Dans Reflections, Lichtenstein s'approprie et sabote ses propres œuvres inspirées des bandes dessinées en les représentant à travers une lentille de verre, ce qui déforme la vision que le spectateur en a. Bien qu'elles soient altérées, les œuvres restent indéniablement celles de Lichtenstein, témoignant de la puissance de son langage visuel à ce stade de sa carrière.

3.

Cette série n'est pas la première incursion de Lichtenstein dans l'expérimentation de la lumière et de la vision.

Durant les dernières années de sa carrière, Lichtenstein s'est passionné de plus en plus pour l'abstraction.
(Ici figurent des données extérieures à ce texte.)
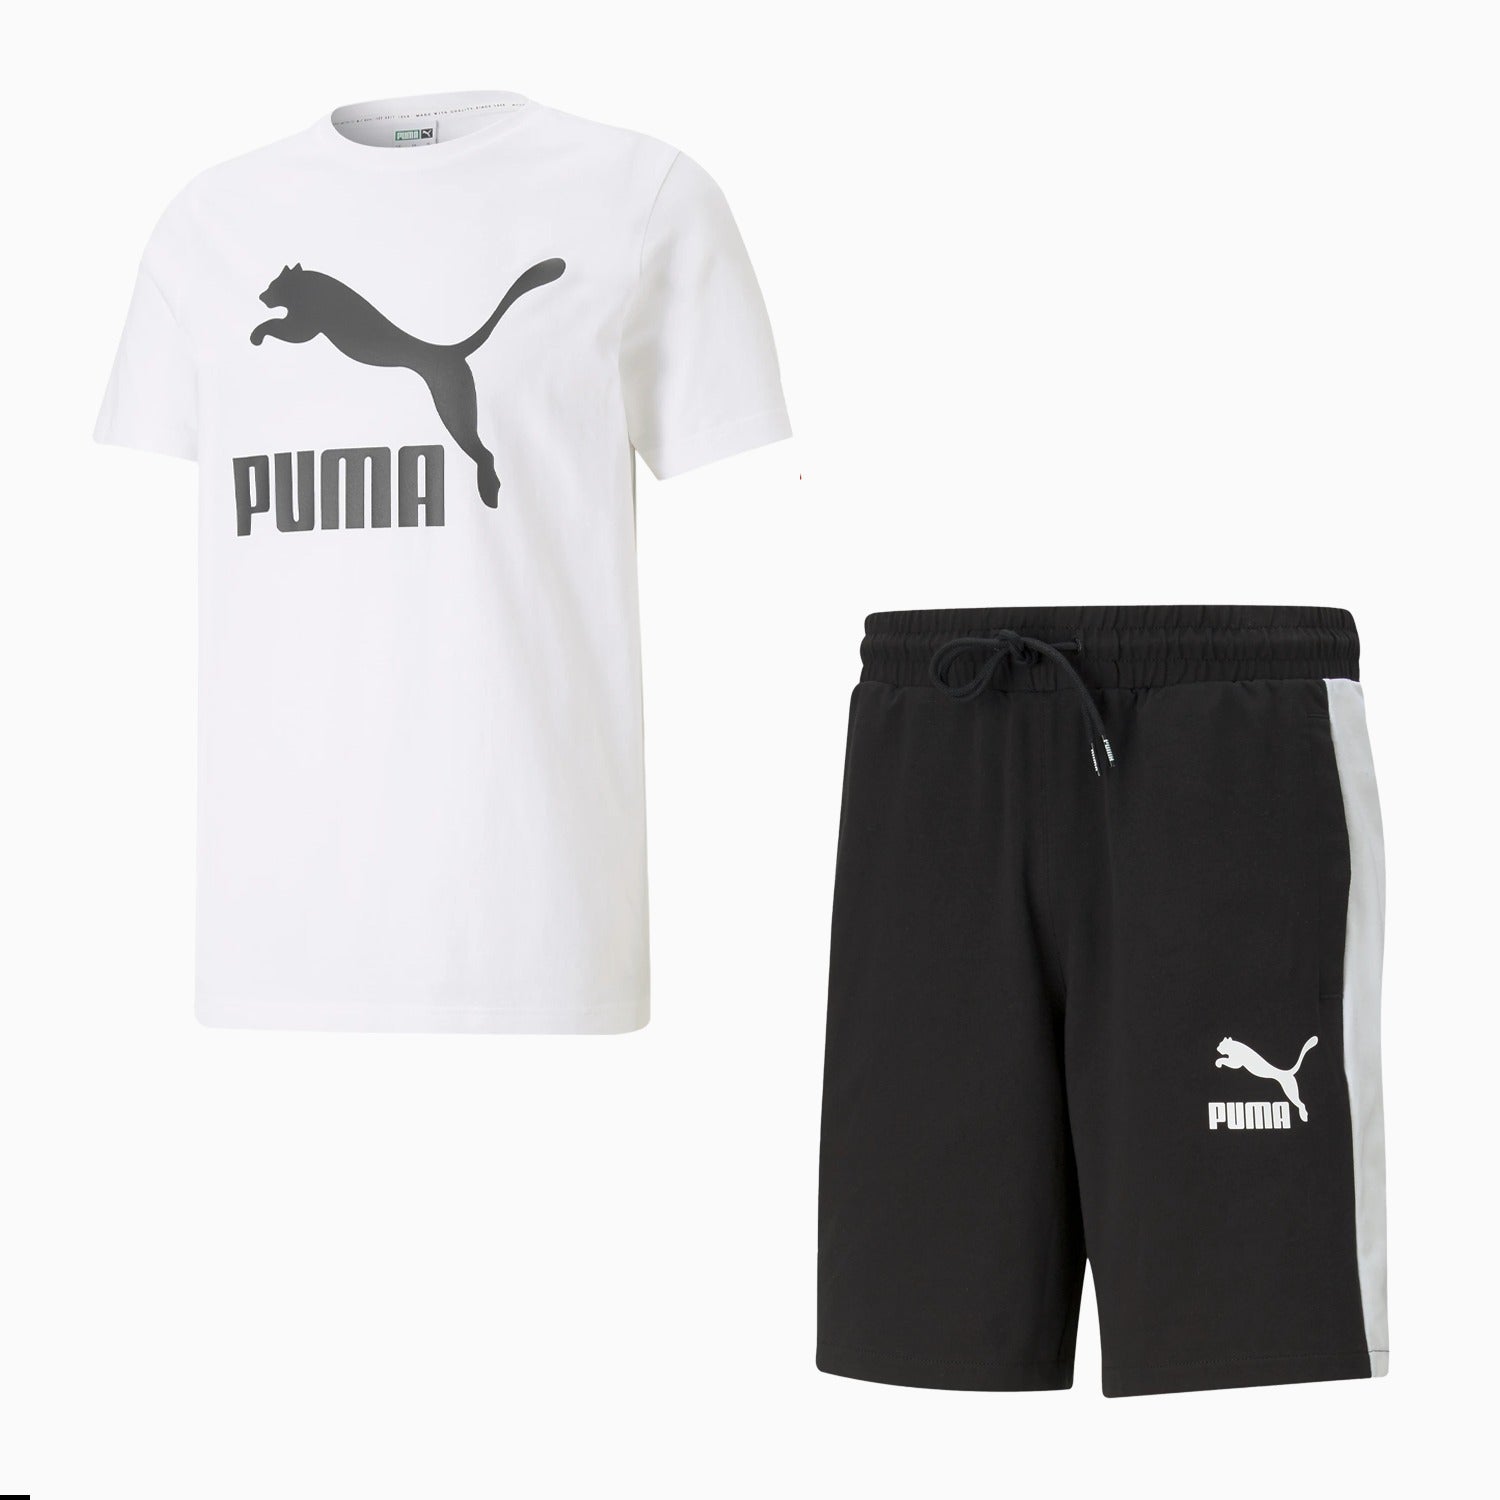 puma-mens-classics-logo-outfit-530088-02-599901-01

Sa série Mirrors, par exemple, remettait en question la représentation et la perception en dépeignant un miroir comme un objet entièrement bidimensionnel. Il a ensuite développé cette approche dans la série Reflections, où il utilisait des couches pour déformer la perception du spectateur.

4.

La série a été réalisée avec seulement quatre couleurs.

Dans l'esprit même du Pop Art, Lichtenstein a toujours cherché à imiter l'esthétique et le processus de l'impression commerciale. Même dans cet ensemble d'œuvres semi-abstraites, Lichtenstein a maintenu sa palette à quatre couleurs : rouge, jaune, bleu et vert.

5.

La série parodie l'expressionnisme abstrait.
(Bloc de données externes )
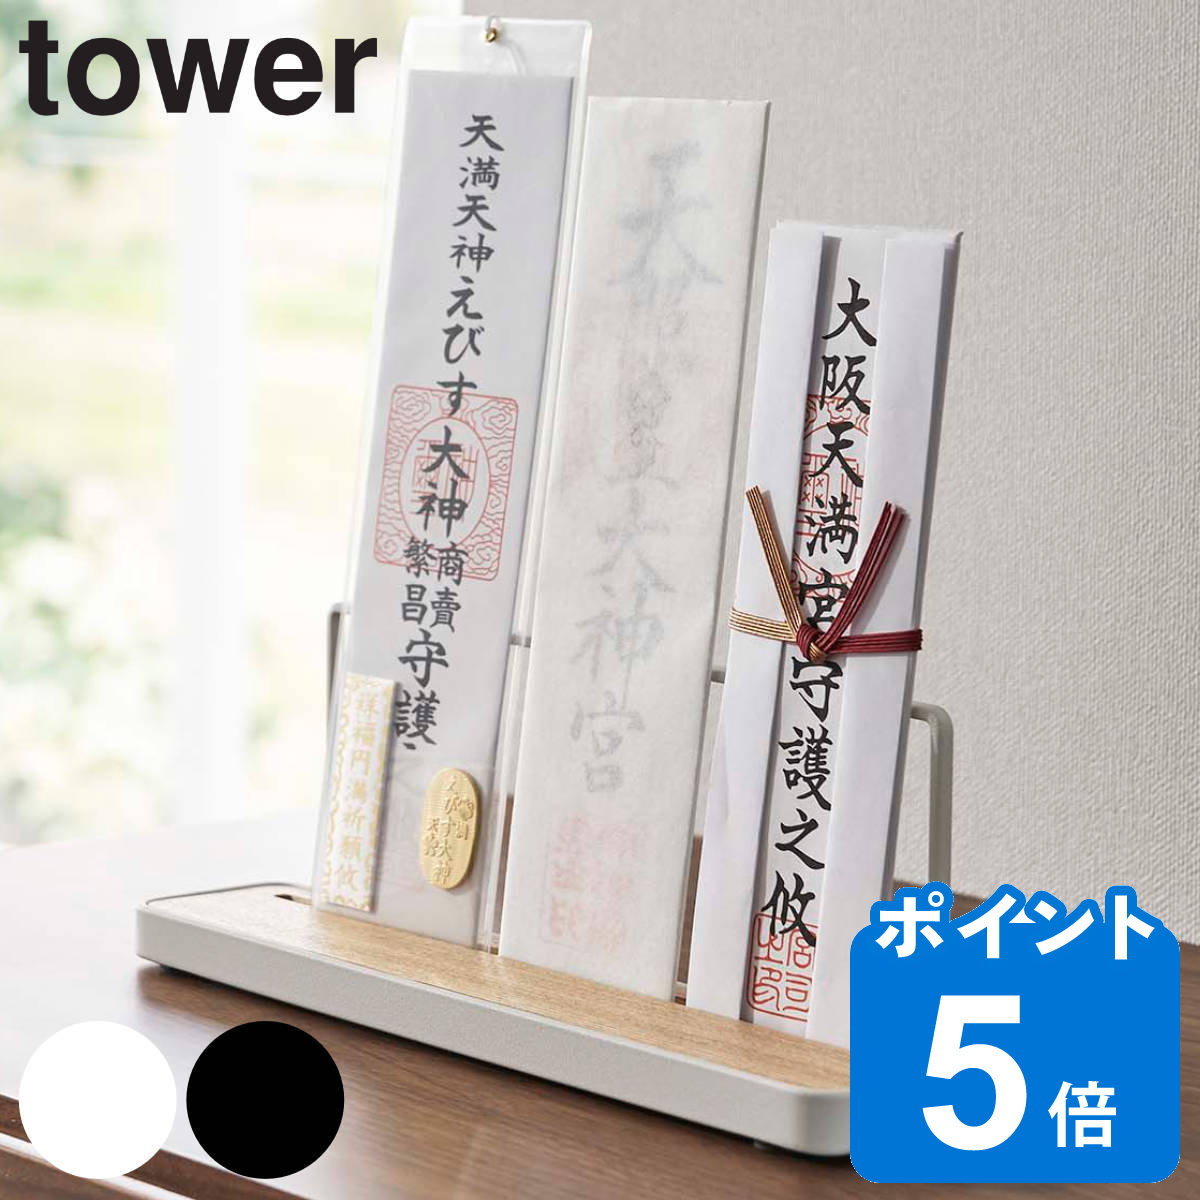 tower 神札スタンド タワー

À l'instar de ses Brushstroke Faces satiriques, Lichtenstein parodiait dans cette série le caractère spontané supposé de l'Expressionnisme abstrait. Lichtenstein a prouvé ici que rien n'est laissé au hasard dans l'art, et que même les éclairs de lumière sont représentés avec une grande minutie. Dans ses Reflections On Expressionist Painting, par exemple, il imite l'apparence d'un coup de pinceau grâce au procédé d'impression industriel de Lichtenstein, tournant ainsi l'Expressionnisme abstrait en dérision.

6.

La série met un accent particulier sur l'interprétation du spectateur.

Avec des éclats graphiques de verre ou de lumière voilant la vue de la composition, Lichtenstein dissimule ses sujets à l'arrière-plan de ces œuvres. Dans Reflections On Girl, par exemple, Lichtenstein masque la bulle de texte inspirée des bandes dessinées qui était si essentielle à ses travaux précédents. Le demi-voile de cette bulle de texte joue, une fois de plus, avec la représentation et invite le spectateur à s'interroger sur ce qui pourrait se cacher sous la barrière peinte de Lichtenstein.

7.

Cette série tourne en dérision la reproduction mécanique de l'art.

Les « Reflections » de Lichtenstein sont des images dans l'image, formées de couches de représentation. Ce faisant, il parodie l'essence du Pop Art, qui reposait sur la reproduction d'images populaires. Dans cette série, basée sur ses travaux antérieurs, Lichtenstein montre peut-être comment sa propre imagerie était devenue partie intégrante de la culture visuelle populaire en 1990.

8.

La série s'inspire d'un ensemble de peintures réalisées entre 1988 et 1993.

L'idée de la série Reflections a d'abord germé dans la peinture. Comme Lichtenstein s'en souvenait lui-même : « Tout a commencé quand j'ai essayé de photographier une estampe de Robert Rauschenberg. Mais la lumière d'une fenêtre se reflétait sur la surface du verre et m'empêchait de prendre une bonne photo. »

9.

Les estampes de cette série sont techniquement très abouties.

Reflections On The Scream by Roy Lichtenstein
Reflections On The Scream © Roy Lichtenstein 1990

Réalisée à Tyler Graphics à Mount Kisco, New York, la série Reflections est l'une des plus techniquement abouties de Lichtenstein. Les estampes de cette série ont été produites en combinant lithographie, sérigraphie et gaufrage avec collage et embossage.

10.

La série retrouve une pertinence renouvelée aujourd'hui.

La série « Reflections » de Lichtenstein est entièrement axée sur la représentation et la représentation artistique. Cet ensemble d’œuvres a été inspiré par les tentatives de Lichtenstein de photographier une œuvre d’art derrière une vitre, un problème que les utilisateurs modernes de smartphones dans les galeries connaissent trop bien. Cette série était en avance sur son temps et constitue un commentaire important sur la perception et la manière dont nous envisageons l’art aujourd’hui.